The heroes, tragedies, and hope of segregated housing

“Show me a hero and I’ll write you a tragedy.” ~F. Scott Fitzgerald.

*Warning! This post has the potential for spoilers.

Show David Simon a hero and he’ll write you a biopic tragedy full of injustices, passive-aggressive slights, and indifference. He’ll also create original characters, like Tommy Carcetti, Bubbles, and McNulty, who will test the needle of your moral compass on an episodic basis. You’ll want try to find the good one, the one who consistently plays it above board, the incorruptible. You’ll find yourself at bars and cocktail parties when the inevitable discovery that all parties present have binged The Wire debating who the least bad character is. But none such character exists in nearly any of his HBO series. I say nearly because I can’t speak for Treme. Like the rest of us, I never made it through the entire series. My hunch is he’s not in New Orleans either.

The latest Simon series, Show Me A Hero, a short six-episode HBO series about housing, race, and politics set in mid-1980’s Yonkers, New York is one of his more hopeful tributes to social justice, but no less delivers on the tragedy.

White citizens of Yonkers protest and riot against a federal court order to enforce desegregation by building two hundred mixed-income and public housing units. Newly elected hero mayor Nick Wasicsko campaigned on the promise to appeal the order, but discovers almost immediately after his election the appeal has been denied and he must enforce the law by building the homes.

Vignettes of women, almost all single, working Latina and African-American mothers, who seek the dream a low-story townhome in Yonkers – a refuge for their children from the violence, gangs, and drug dealing prevalent in the high rises – provide proportionate humanity to the legal and political battles in each episode. Though his character rarely if ever sees the housing issues through the lens of these women, Wasicsko changes his mind, seemingly worn down and physically exhausted by the unrelenting, violent, and venomous housing opponents. Down but not out, Nick becomes a champion for the cause he campaigned against, seeing the construction of the housing development through to the end.

Hope. A weird, unnatural feeling from a Simon series, right? Relax. Simon delivers on the rest of the Fitzgerald quote left off the show’s title–He did in fact write you a tragedy.

This one is chock full of injustices, “codespeak,” and indifference masquerading in 80’s hair, shoulder pads, Billy Joel and Bruce Springsteen hits. Gentle warning if you’re watching Hero and sub-40: Don’t be fooled by such tropes. You’re inclination will be to screen-capture the images and stories as events in the past that were extensions of the post-Brown v. Board integration efforts such as white flight and redlining. They continue today in cities and states everywhere.

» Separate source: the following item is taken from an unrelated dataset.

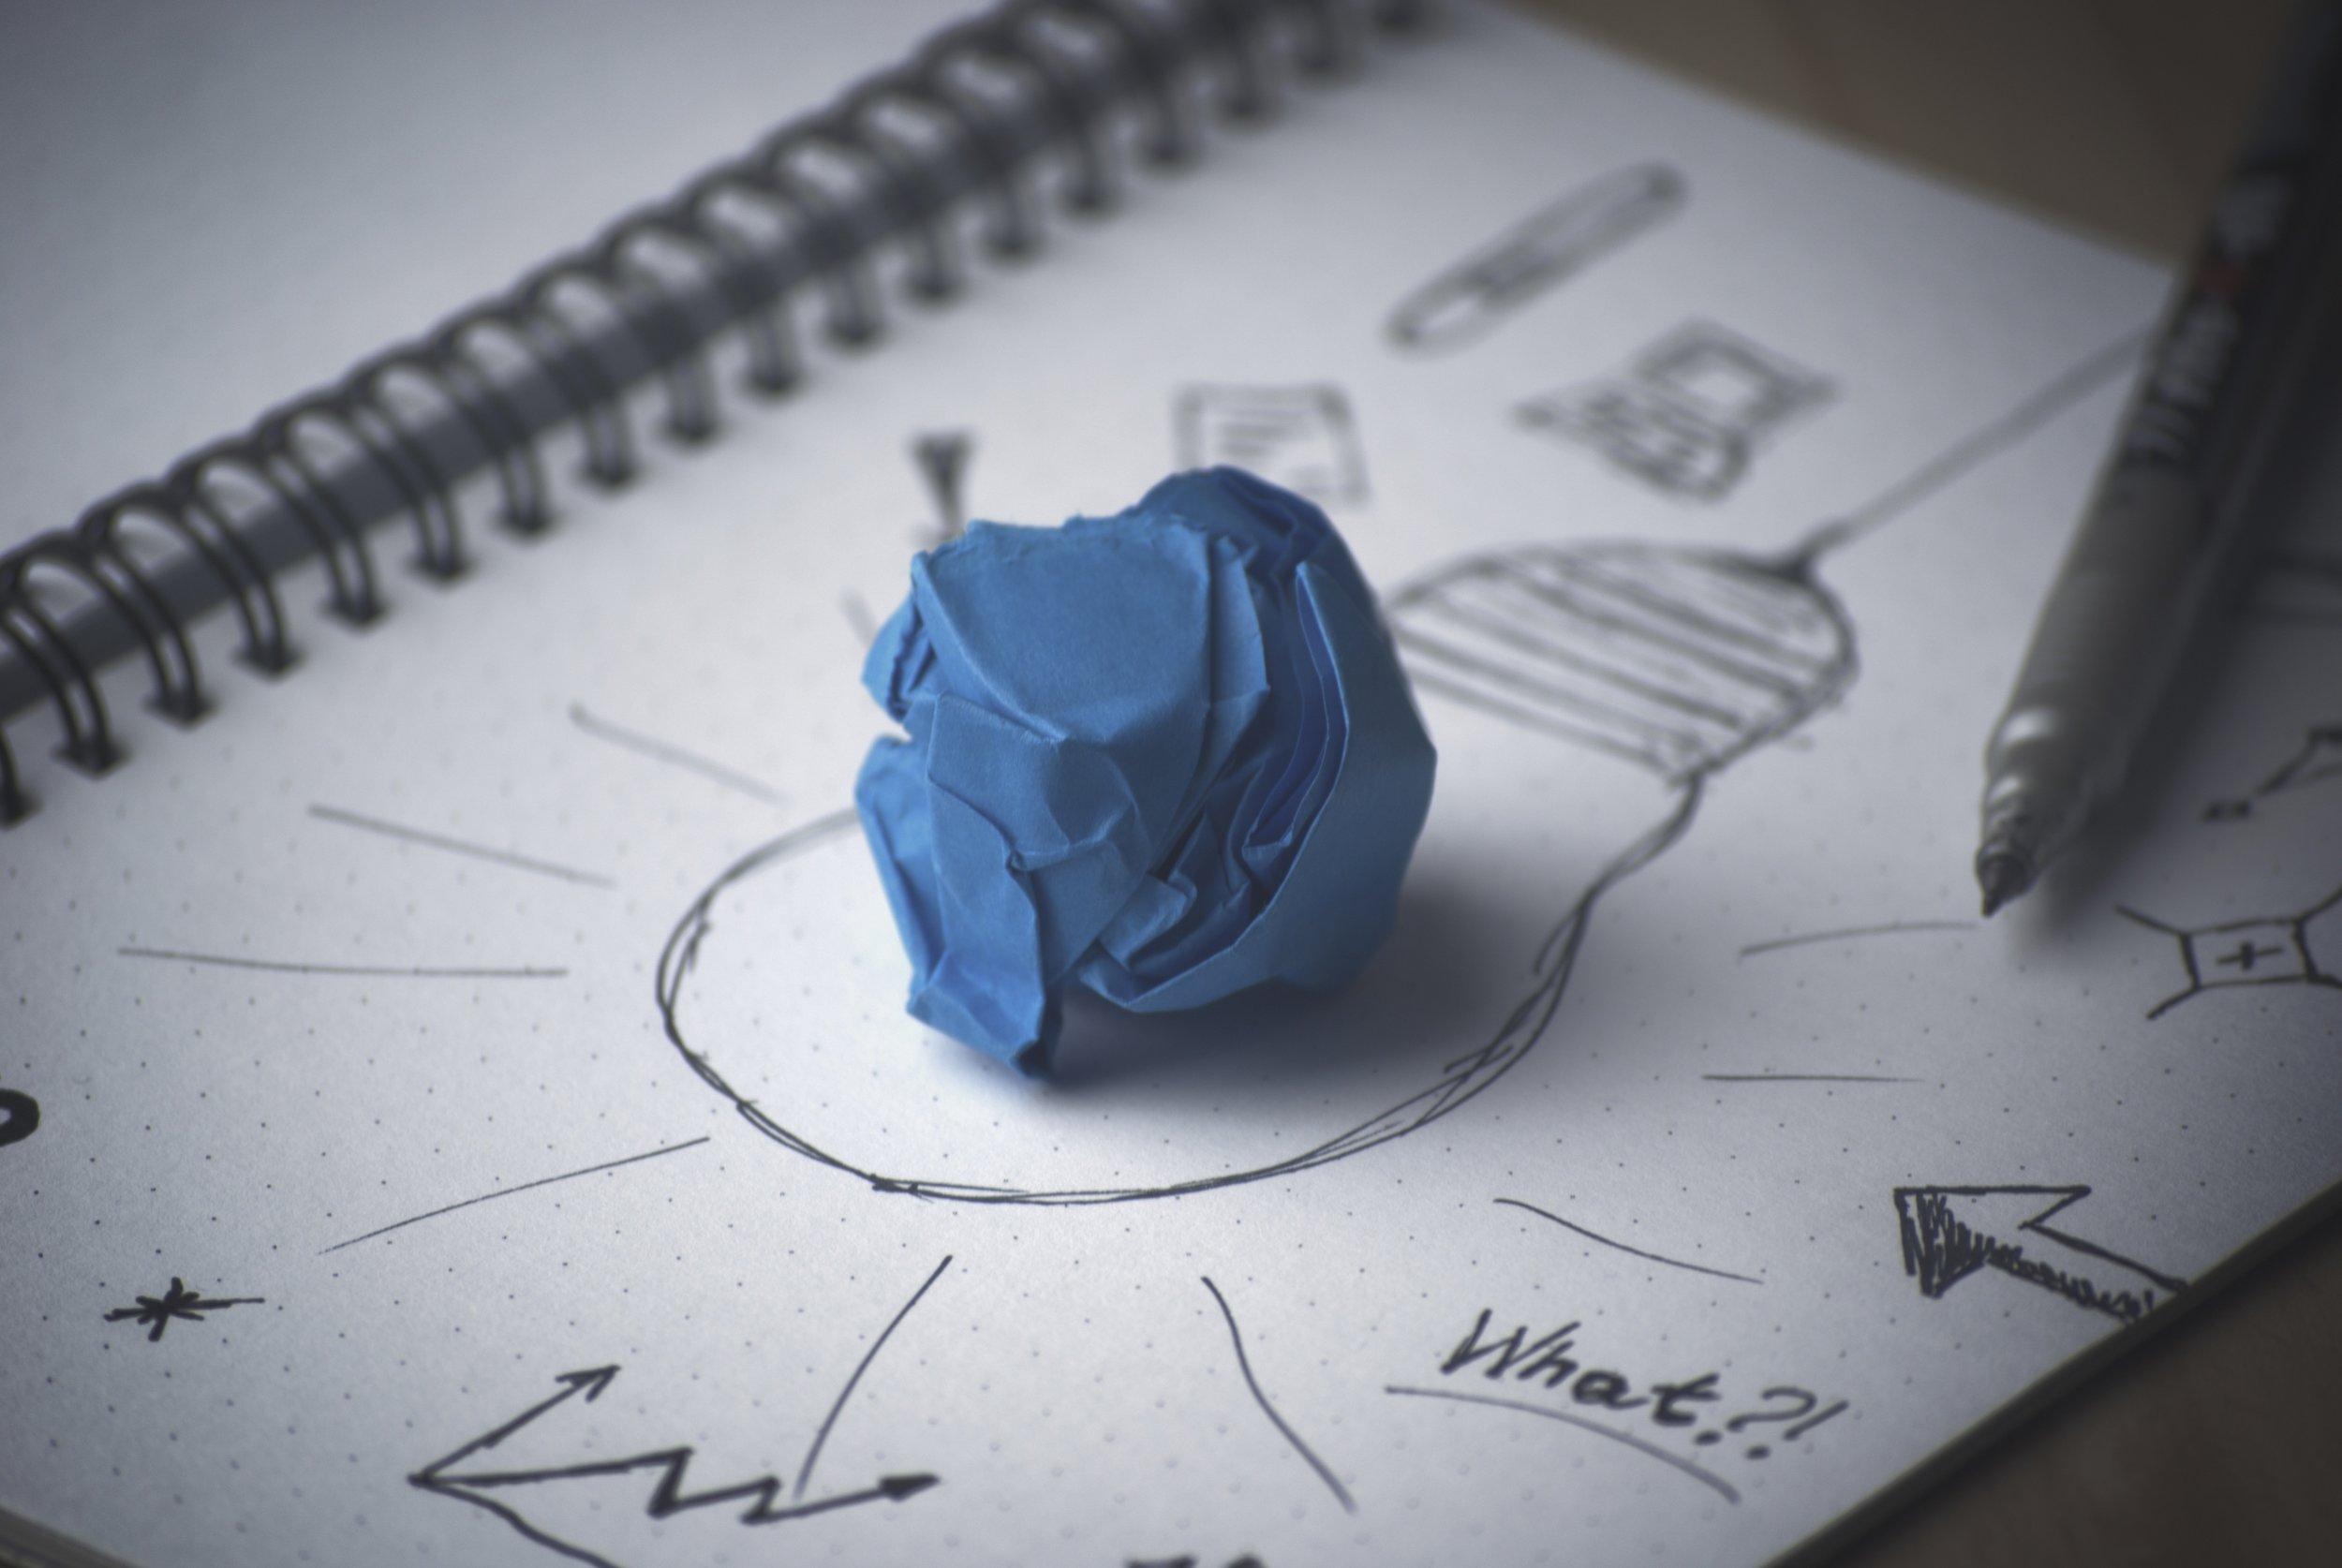 writing-pencil-creative-light-technology-thinking-714869-pxhere.com.jpg

Emboldening such delusions are cities like my hometown, Chicago, where vestiges of public and mixed income housing have been erased. Cabrini-Green homes, public high-rise buildings constructed in the early 1940s, loomed large over what is now a tony, predominantly white neighborhood. How would you know Chicago, like Yonkers, was the setting of similar housing disputes when a Target now stands in the old Cabrini lot? You wouldn’t. That was intentional, according to David Simon in an interview with Secretary of Housing and Urban Development, Julian Castro. According to Simon, “Federal, state and local governments spent their resources, spent our resources to build a segregated society. We didn’t arrive at a Yonkers that magically self-segregated without a plan. We planned this society. We spent our money, our treasure, our tax dollars to achieve this over the course of decades. We spent it to create public housing when it was white folks who were the beneficiaries during the Depression, or the redlining that happened under the FHA, which was a New Deal program, or the great mainstream use of public housing to help veterans coming back from World War II. It was all a program that had widespread support — until people of color became the beneficiaries.”

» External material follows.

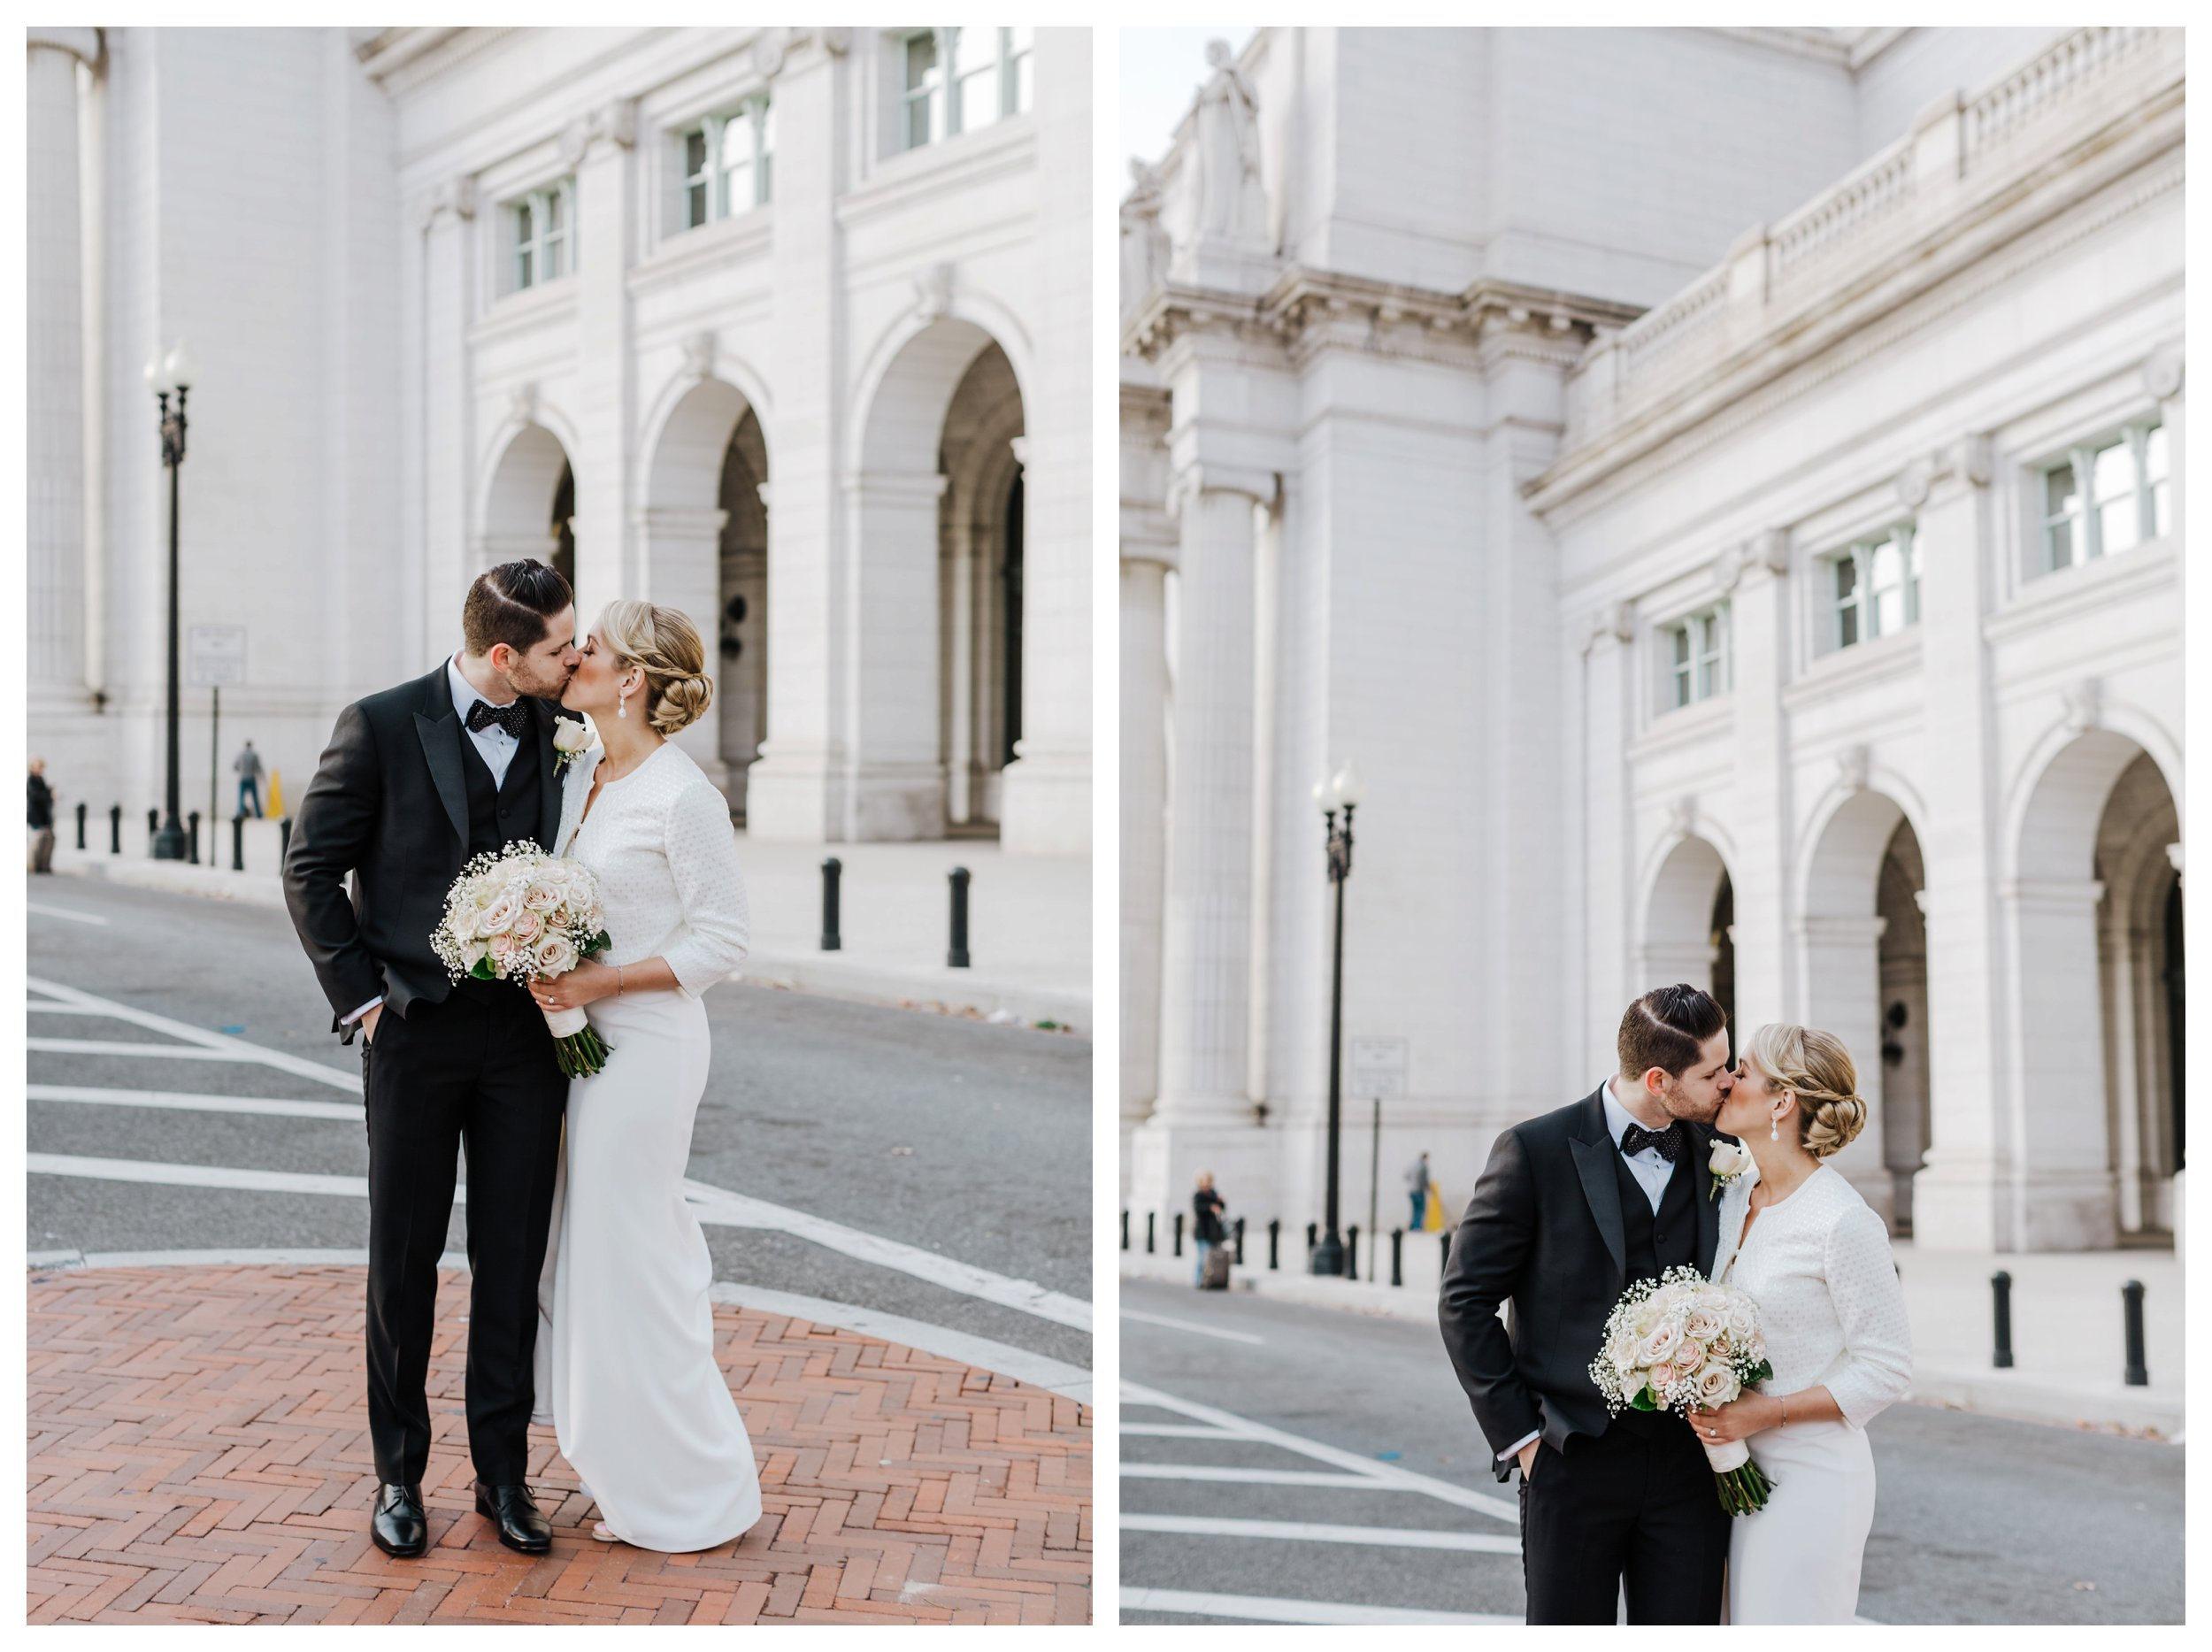 washington-dc-wedding-photographer-26.JPG

SCOTUS reporters tried to write this into the mainstream political narrative during coverage of the surprising 5-4 decision in Texas Housing case from last term. It had the unfortunate timing of coming down the same day as the Obamacare decision (King v. Burwell) and the day before the same-sex marriage decision (Obergefell v. Hodges), thus it ended up lost in the frenzy.

A group called the Inclusive Communities Project (ICP) challenged Texas’ Department of Housing and Community Affairs for giving too many tax credits to housing in predominantly black neighborhoods. The credits were repeatedly awarded to housing developments in predominantly black, low-income neighborhoods which had the effects of keeping black neighborhoods black and white neighborhoods white. When money stays in the same neighborhoods it does nothing to integrate them, especially those segregated for decades. Think about the long term effects of a lack of housing mobility. It doesn’t simply limit geographic options, it impacts what schools children attend, the quality of their education, health (more food “deserts,” less quality grocery options), safety, access to transportation, job opportunities, and life expectancy.

These effects may not arouse your interests like a binge-watchable David Simon series does, but they are real and no less tragic today, in 2015, as they were in the 1980’s.